The response should consist only of the lines from the one with "YETI Tundra® 45 Kühlbox Canopy Green" to the end of the data below, copied exactly and without pictures.

- Collected material -
- - - -
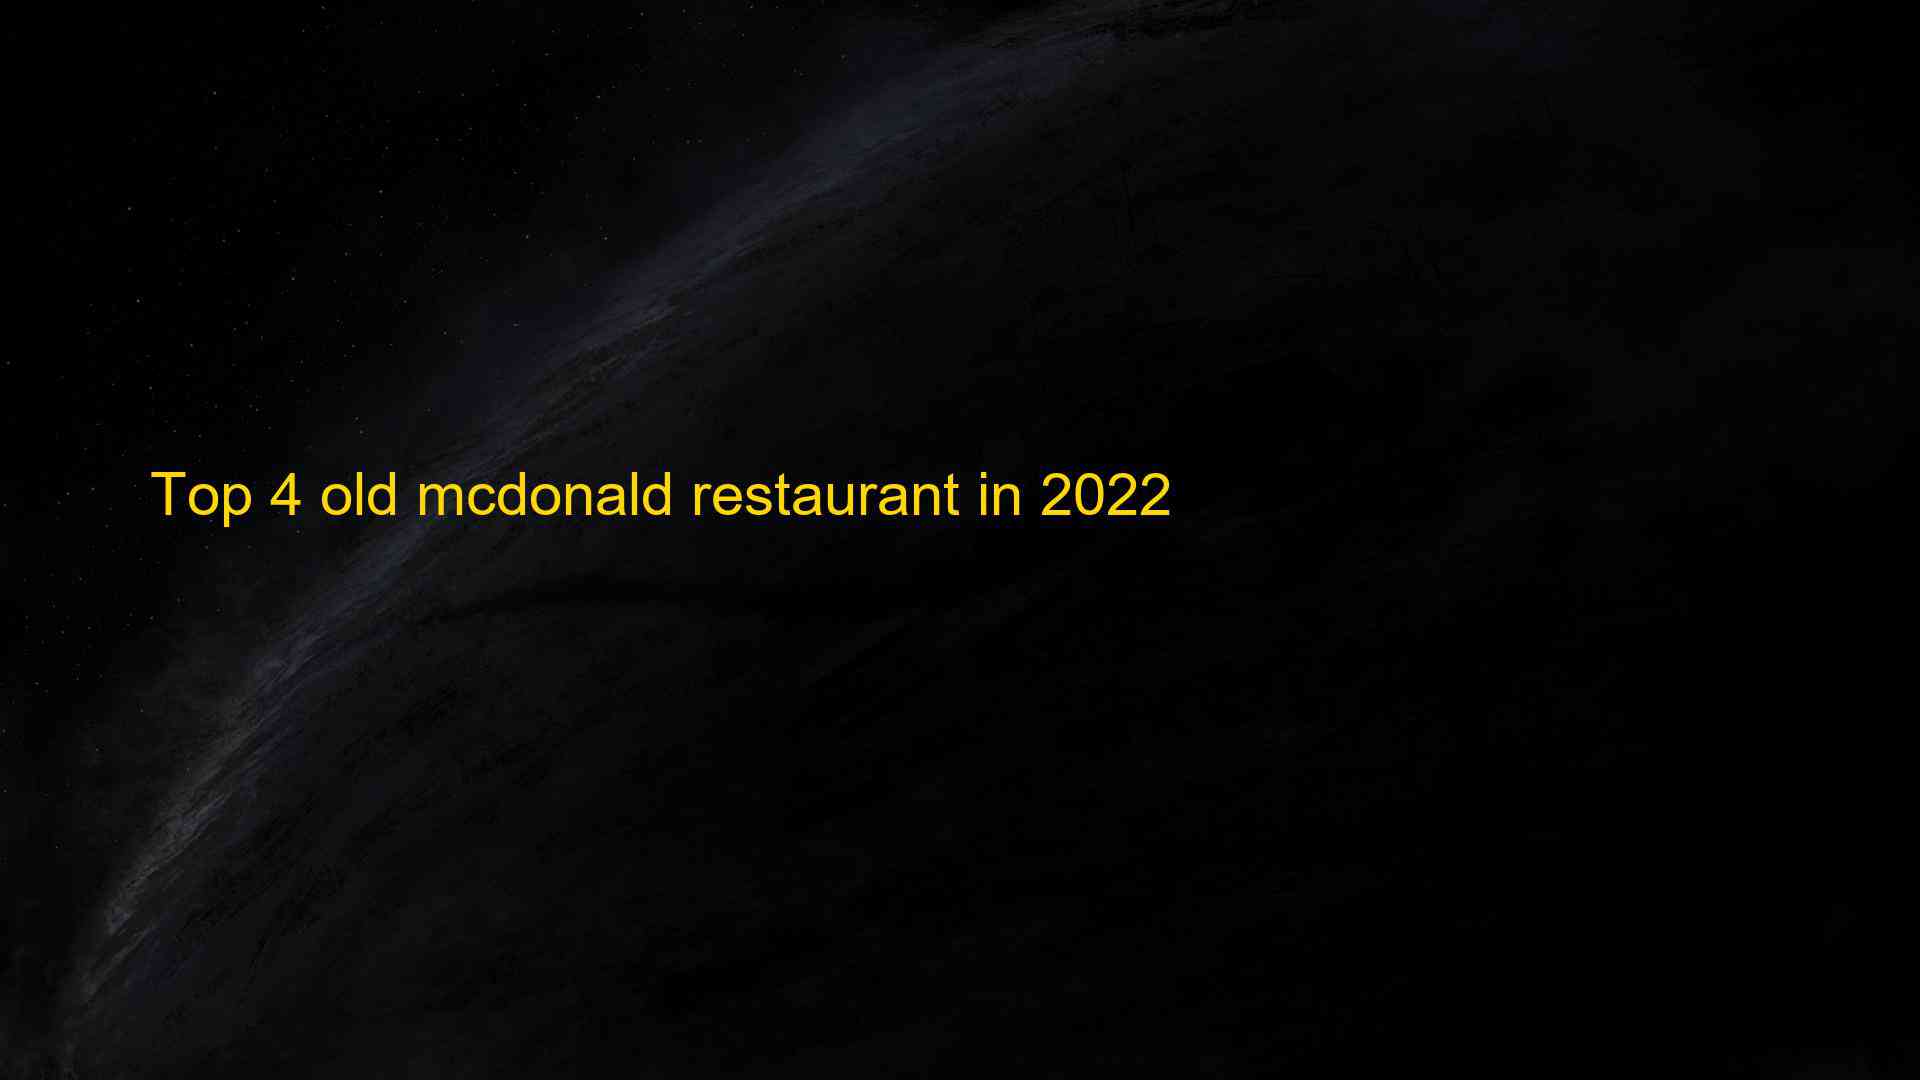 Top 4 old mcdonald restaurant in 2022 1663548761
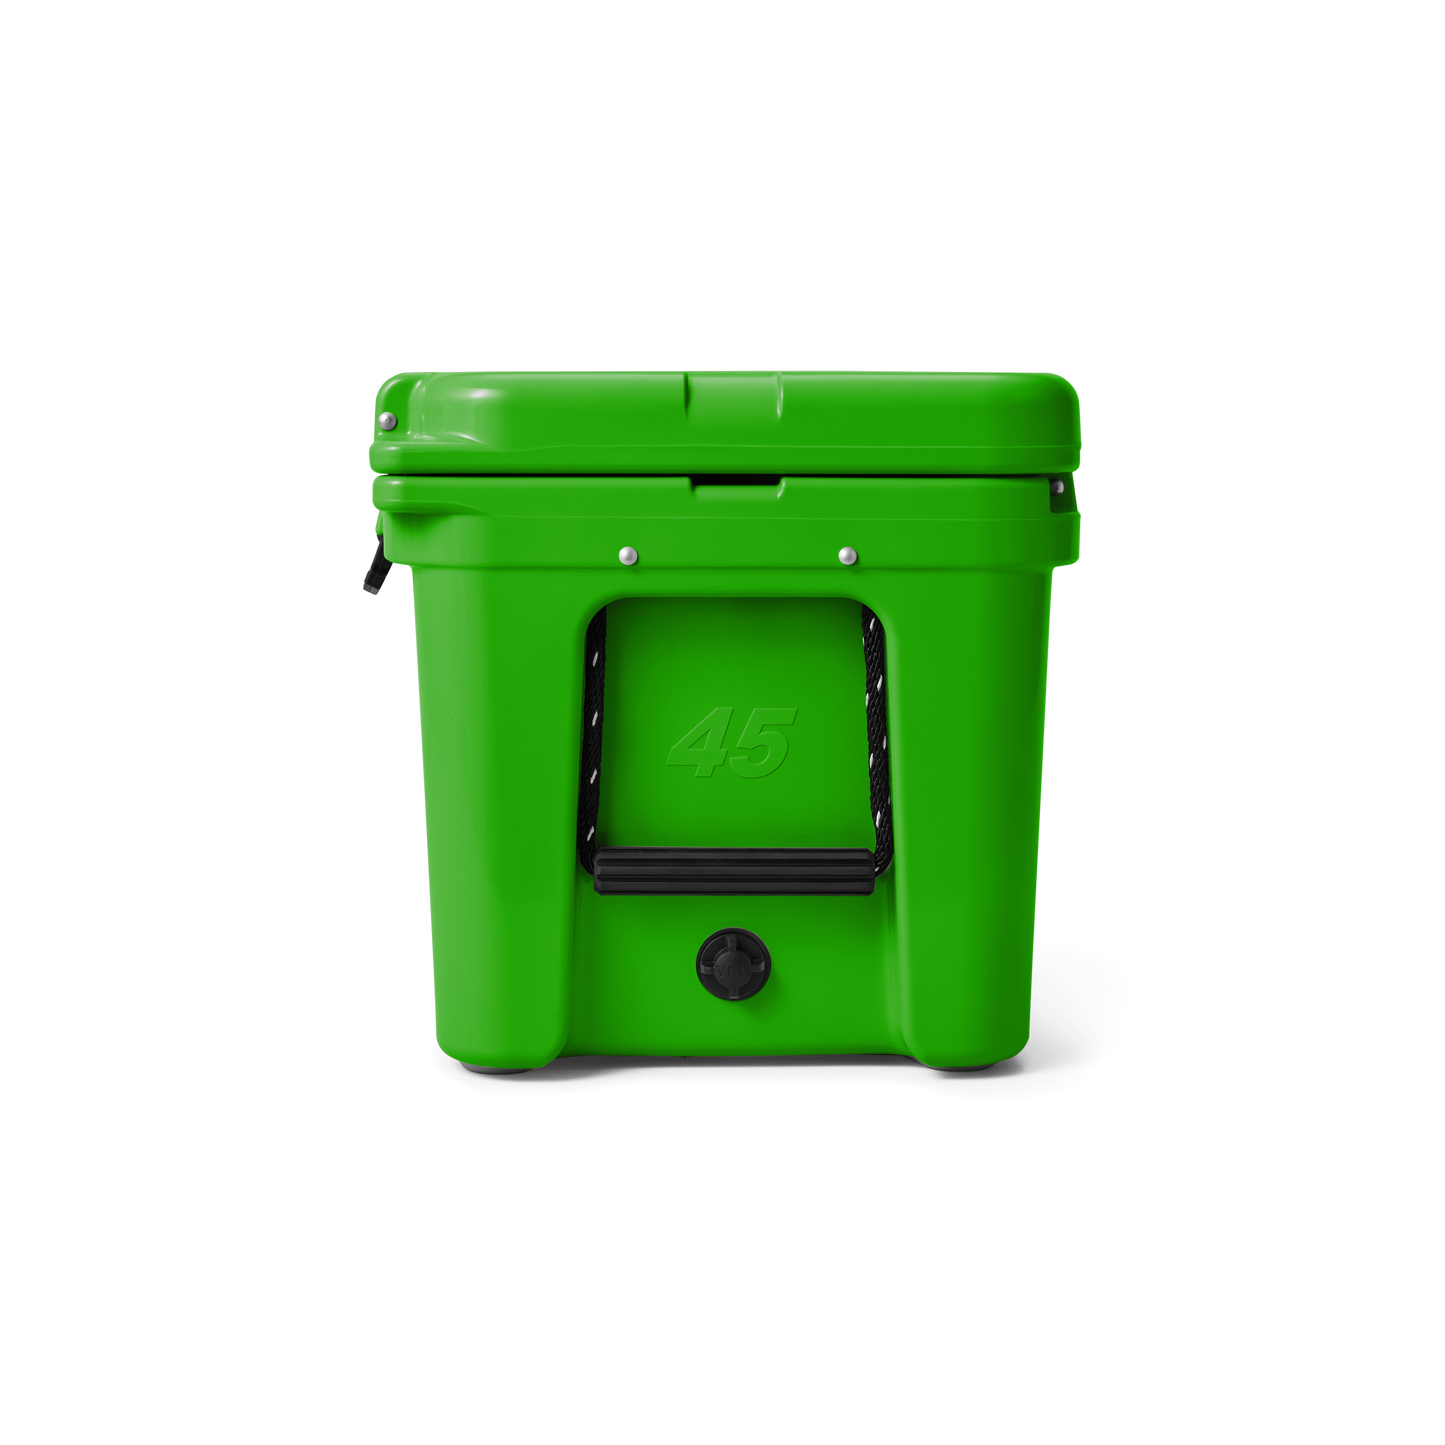 YETI Tundra® 45 Kühlbox Canopy Green
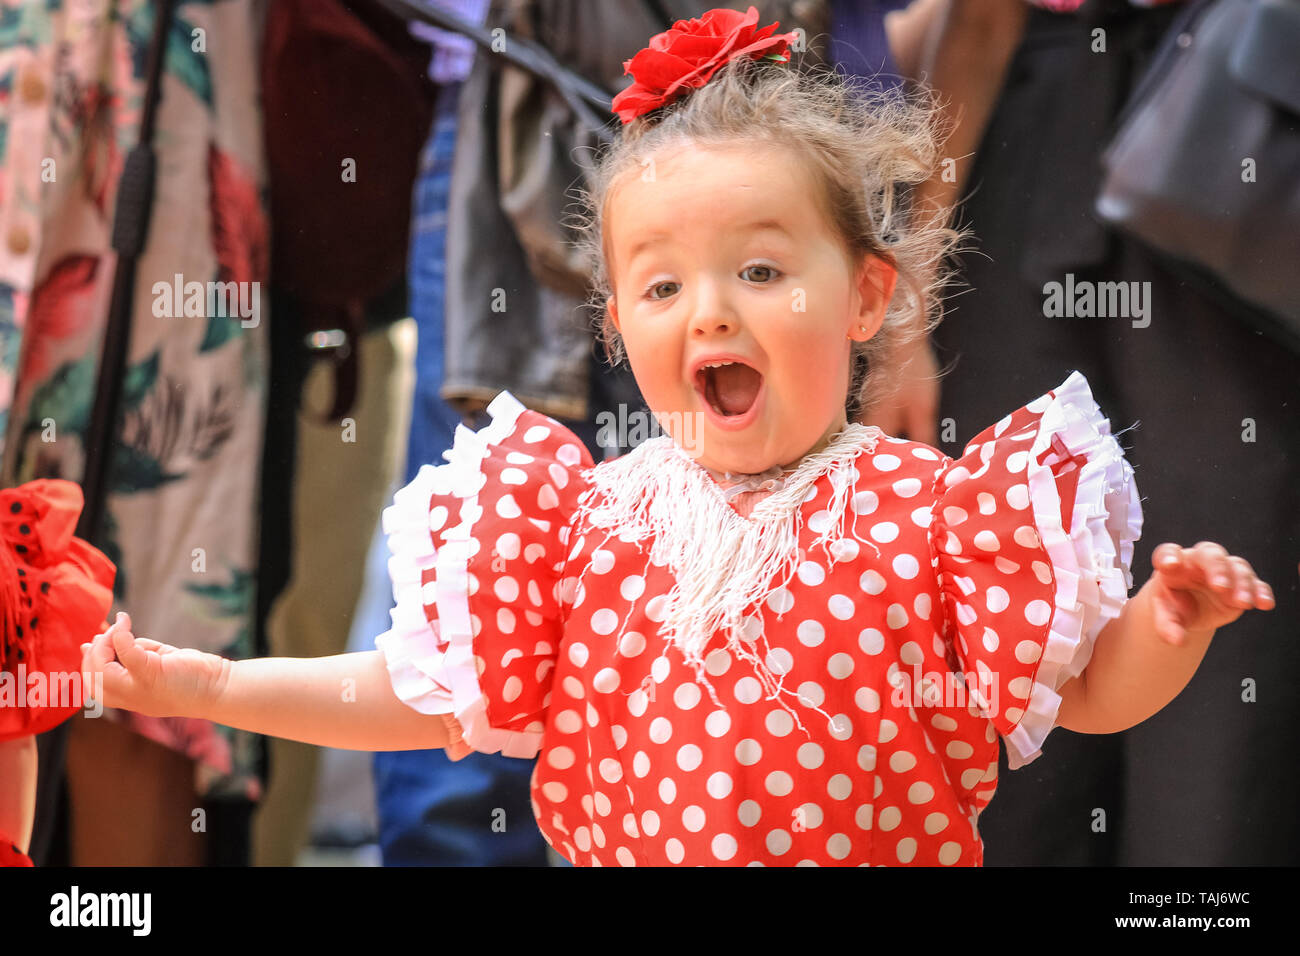 South Bank, Londres, Royaume-Uni - 25 mai 2019. Une jeune fille son premier pratiques étapes flamenco. [Guardian a demandé la permission de photographier] La Feria de Londres est un festival gratuit sur London's South Bank Présentation de la culture espagnole, de la danse, de la musique, du vin et de l'alimentation du 24 au 26 mai. Credit : Imageplotter/Alamy Live News Banque D'Images
- - - -
- Your solution -
 YETI Tundra® 45 Kühlbox Canopy Green
 South Bank, Londres, Royaume-Uni - 25 mai 2019. Une jeune fille son premier pratiques étapes flamenco. [Guardian a demandé la permission de photographier] La Feria de Londres est un festival gratuit sur London's South Bank Présentation de la culture espagnole, de la danse, de la musique, du vin et de l'alimentation du 24 au 26 mai. Credit : Imageplotter/Alamy Live News Banque D'Images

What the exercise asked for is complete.